An increase in DNA methylation (also referred as DMM for differential methylation means) in the neoplastic tissue compared to its normal counterpart is observed throughout the locus, as evidenced by 8 significant differentially methylated CpG sites (7 p < 0.0001 and 1 p < 0.05) out of the 10 sites analyzed. Additionally, 2 out of 3 methylated sites located at the CpG island remain unchanged. It is worth to note that several CpG sites present an increased methylation variability (represented by the SD of the distribution of methylation) in tumor vs normal tissue. An increased variability in DNA methylation (also referred to as DMV for differential methylation variation) has been reported across cancer types (Hansen et al. [57], and later validations by independent groups using TCGA and other cohorts). Moreover, it is known that the majority of DMM sites identified by comparing normal vs tumor tissue are also DMV sites [58]. In agreement with these findings, several DMMs of the miR-130b/301b locus show DMVs with higher variation in tumor compared to normal tissue (Fig. 3a and Additional file 2: Figure S2).

The same analysis was performed in three other independent PrCa cohorts (GEO accession GSE52955 [29], GSE38240 [28], GSE76938 [30] in Additional file 2: Figure S2) yielding results almost identical to those obtained with TCGA-PRAD. We then analyzed PrCa cell line methylation datasets deposited at GEO (Accession: GSE34340 [31], GSE62053 [32] and GSE54758). In agreement with TCGA-PRAD, the miR-130b/301b cluster is globally less methylated in non-malignant PrECs and RWPE-1 than in malignant cell lines (LNCaP, DU145 and PC-3) and the methylation of the CpG island at the promoter is invariably low (Additional file 3: Figure S3).

Although the epigenomic features of the region predict its active expression in normal and neoplastic prostate tissue, the global increase of its average DNA methylation in cancer may affect transcription. To assess this possibility, we used the TCGA-PRAD samples to determine if DNA methylation is associated with miR-130b level in the tissue. We observed a positive correlation for matched normal vs tumor tissue samples (r 0.4736, n = 35 shown in Fig. 3b) and for all the samples in the dataset (r 0.5242, n = 241, shown in Fig. 3c). These results favor a positive effect of DNA methylation on the transcription of this locus.
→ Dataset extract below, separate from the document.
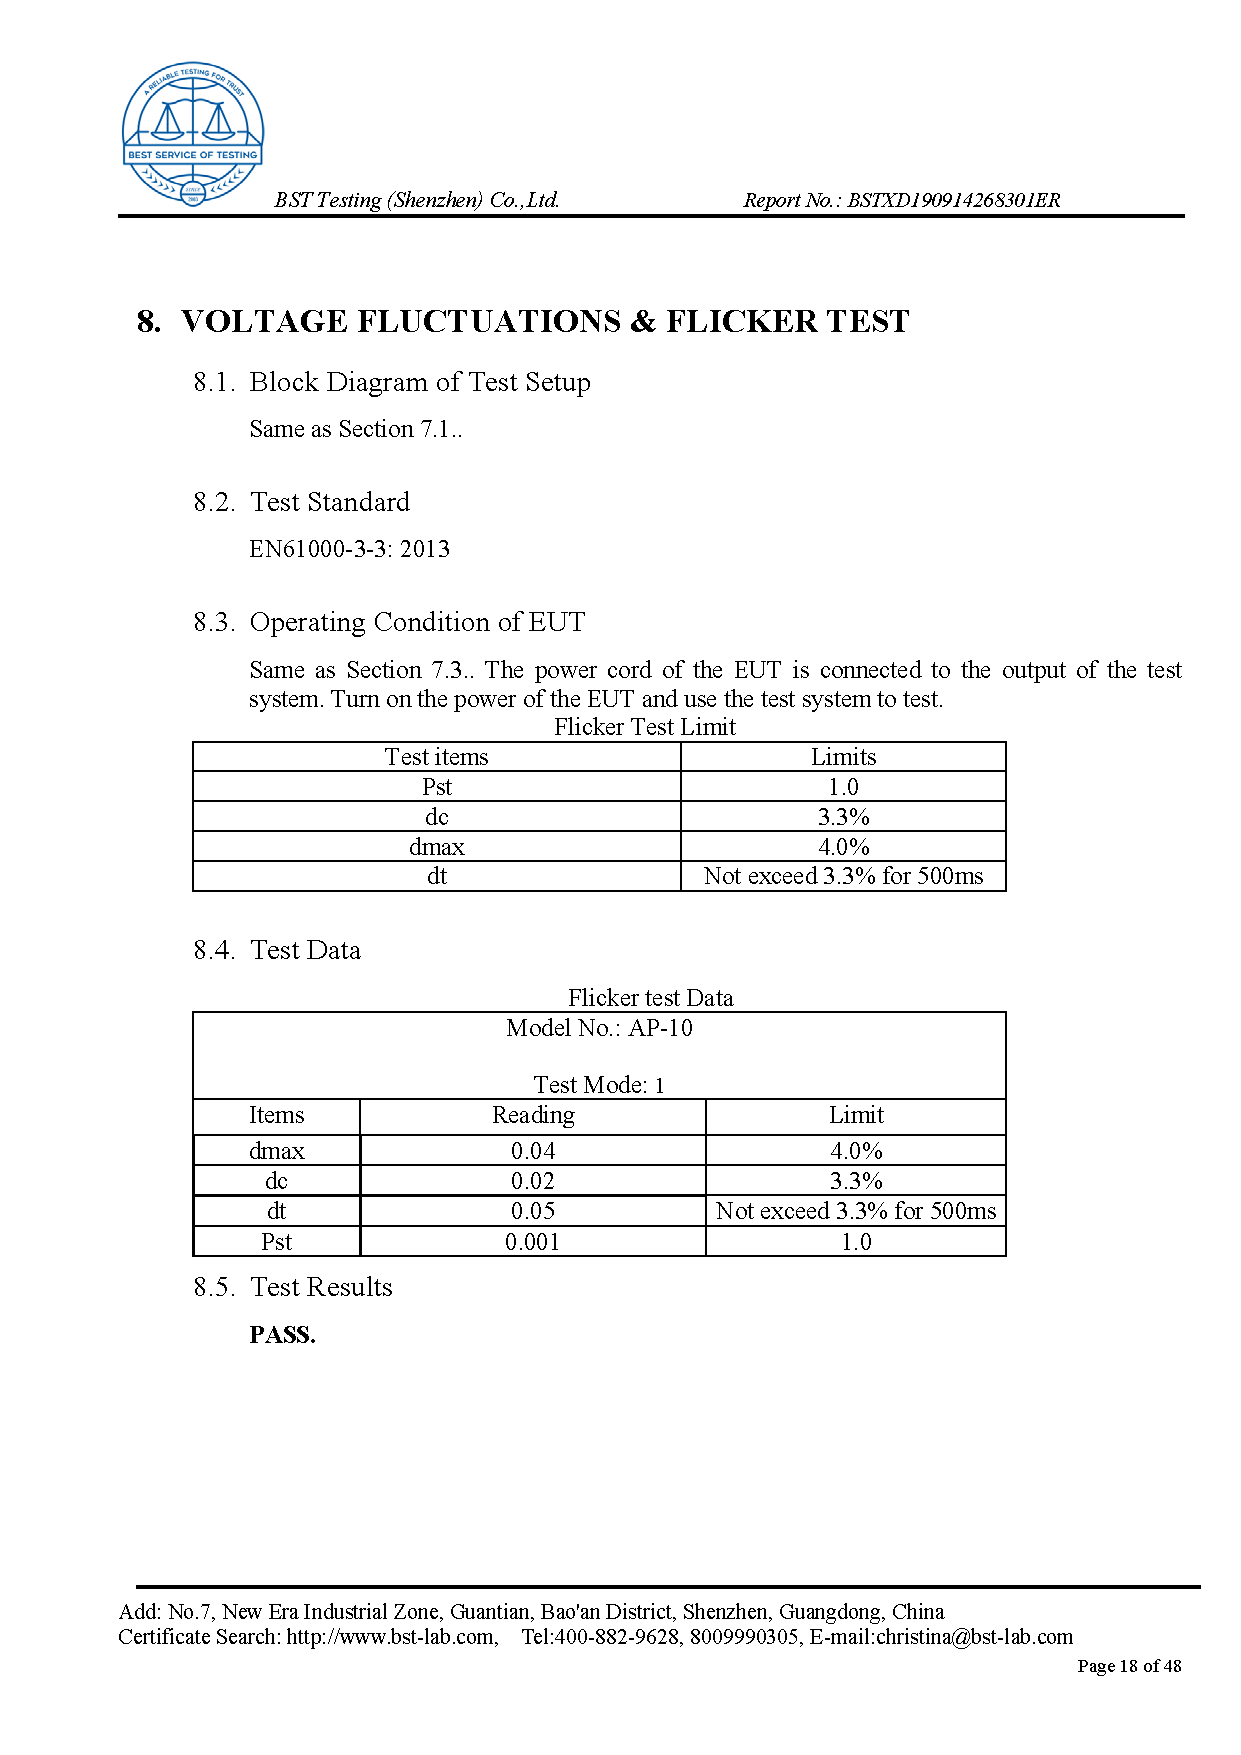 Ionic Refresher EMC Report Page 18
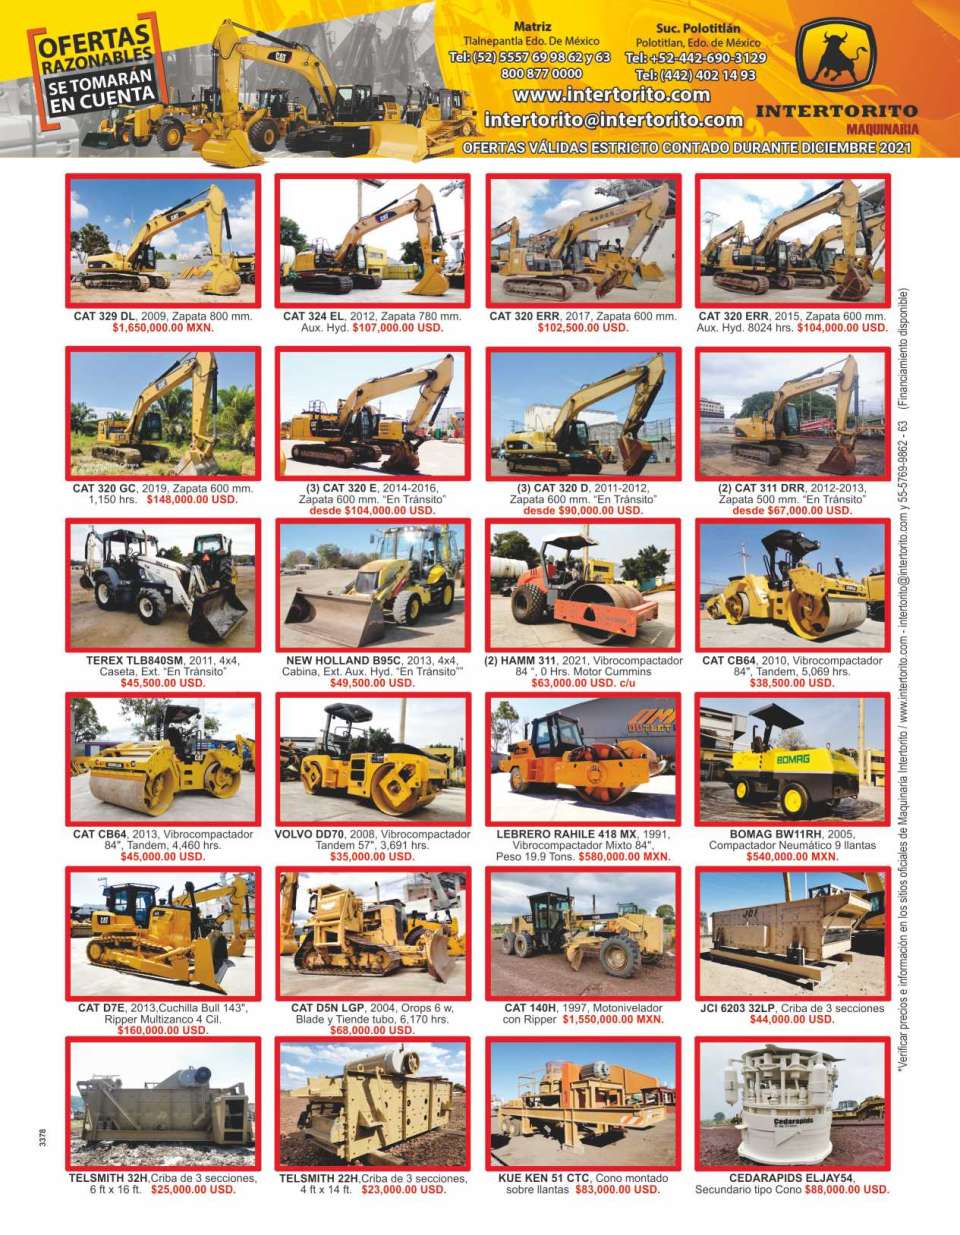 With more than 40 years of experience in the construction industry, we offer you the best brands of heavy equipment for rent and sale.

The expression of miR-130b and miR-301b associates with negative PrCa patient clinical outcome

As described above, the deregulation of miR-130b and miR-301b has been observed in several PrCa miRNA profiling studies, with the majority of them showing an upregulation of the cluster expression in malignancy as depicted in Table 1. Several studies evidenced a positive association of miR-130b/301b cluster expression and clinicopathological parameters, comprising cancer disease diagnosis [22, 38, 4042], presence of local and distant metastasis [59], disease stage [59], Gleason Score [59], pre-operatory PSA [54], disease recurrence [4448, 55] and patient overall survival [38, 59]. Both miRNAs were also included in miRNA predictors that distinguish normal from cancer samples and forecast the postoperative patient outcome [22]. Yet, a small proportion of studies have reported a negative association between miR-130b/301b expression and tumor status [29, 52] (miR-130b and miR-301b), preoperatory PSA [54] (miR-130b) and biochemical recurrence (miR-130b in serum in [53] and miR-301b in tissue [55]).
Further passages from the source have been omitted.